◆ **DATA SEGMENT**
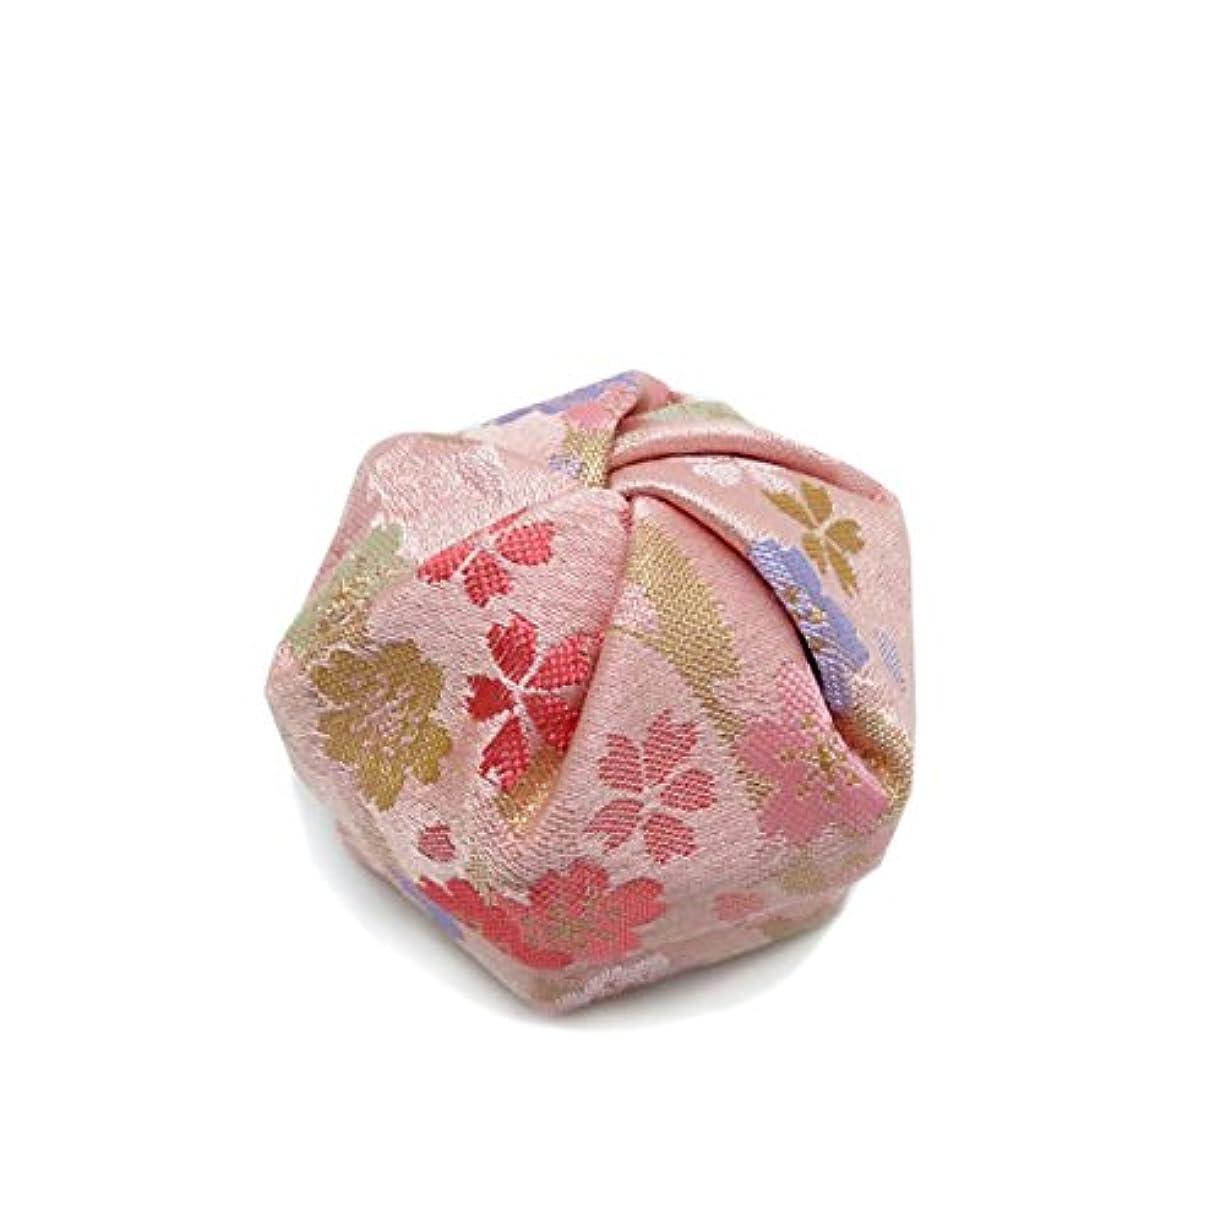 反逆ストレスの多い部屋を掃除する布香盒 ピンク系 紙箱入
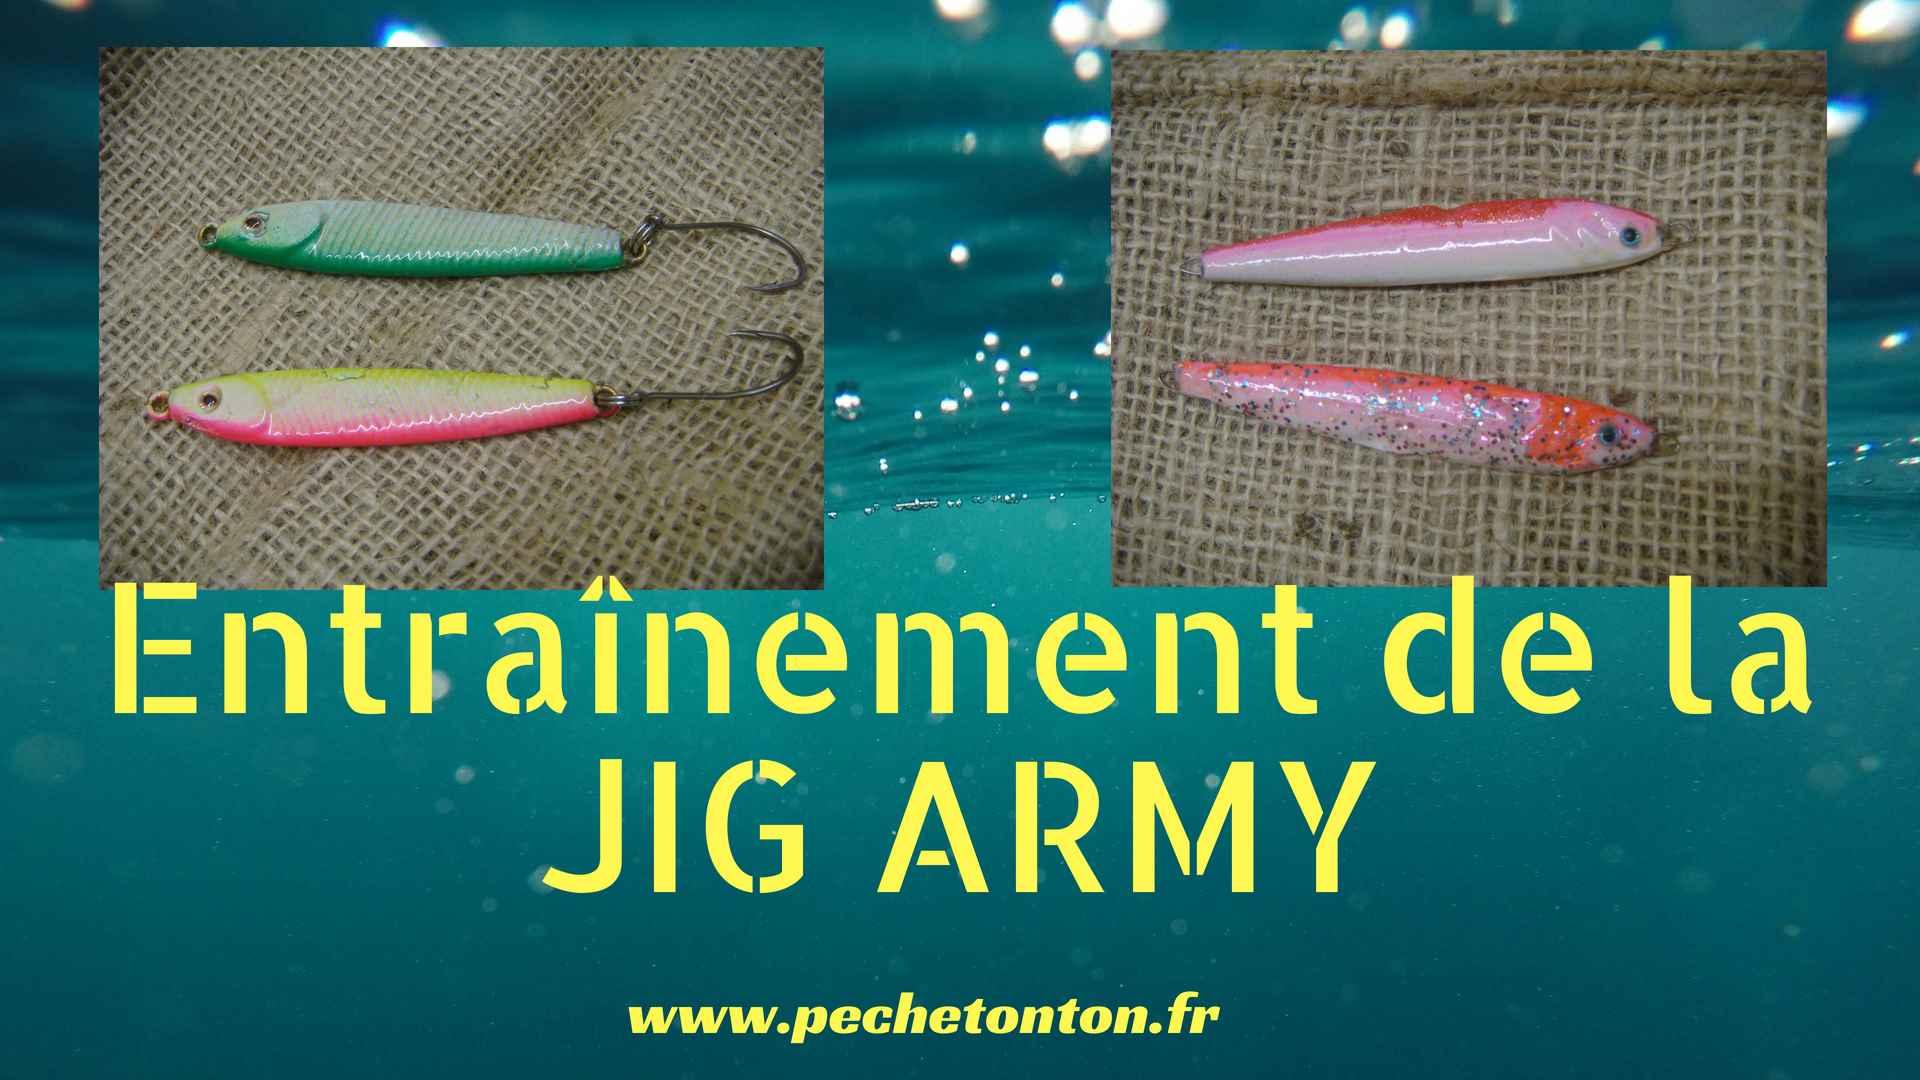 Entraînement de la «JIG ARMY»
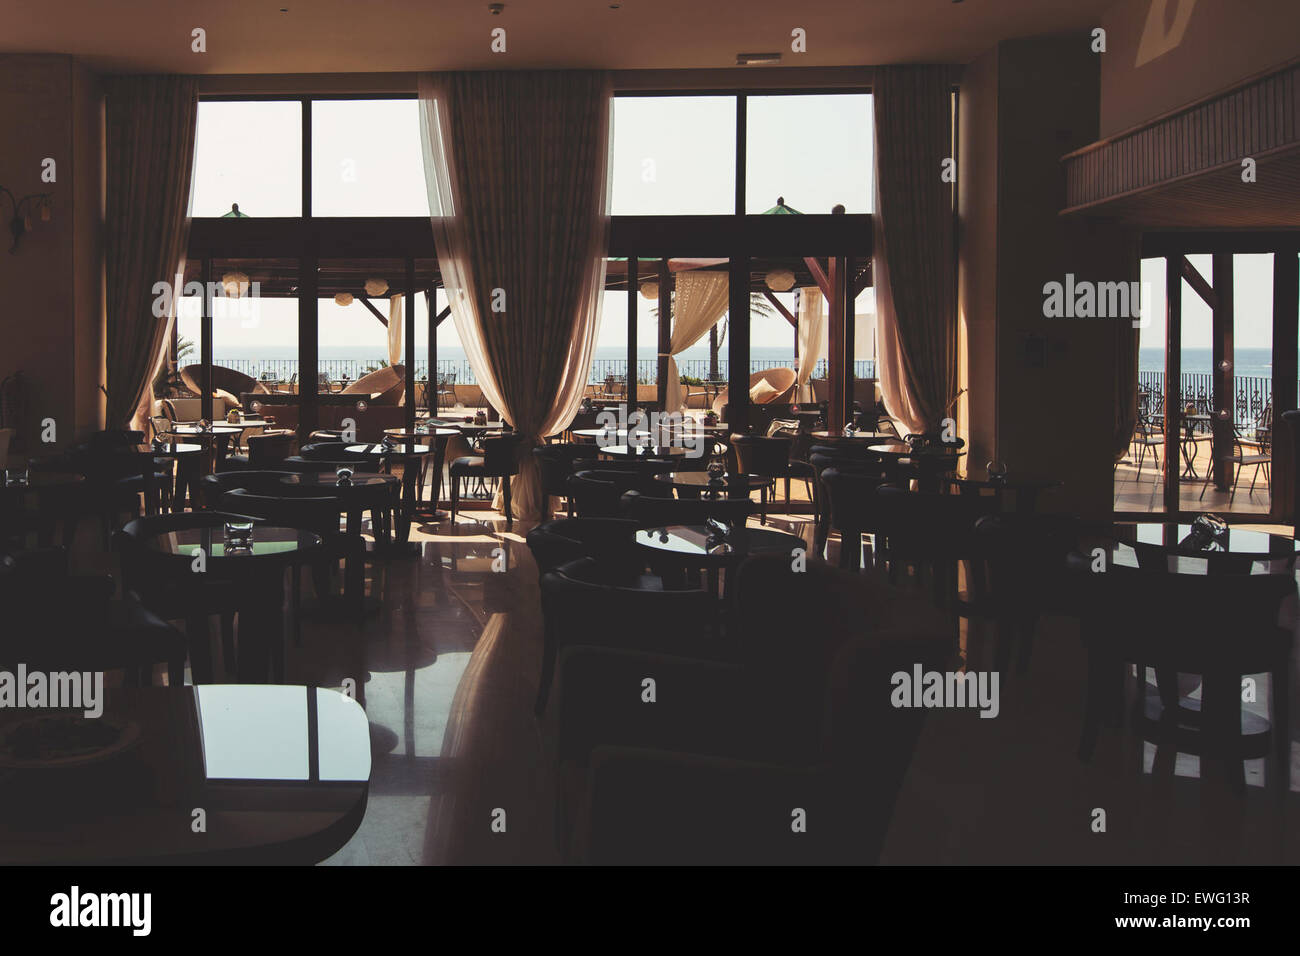 Indoor Fine Dining Establishment - Stock Image

◆ **EXERCISE DIRECTIONS**
Please restate the whole listing exactly, without any of its pictures.

◆ **SOLUTION BELOW**
 反逆ストレスの多い部屋を掃除する布香盒 ピンク系 紙箱入
 Entraînement de la «JIG ARMY»
 Indoor Fine Dining Establishment - Stock Image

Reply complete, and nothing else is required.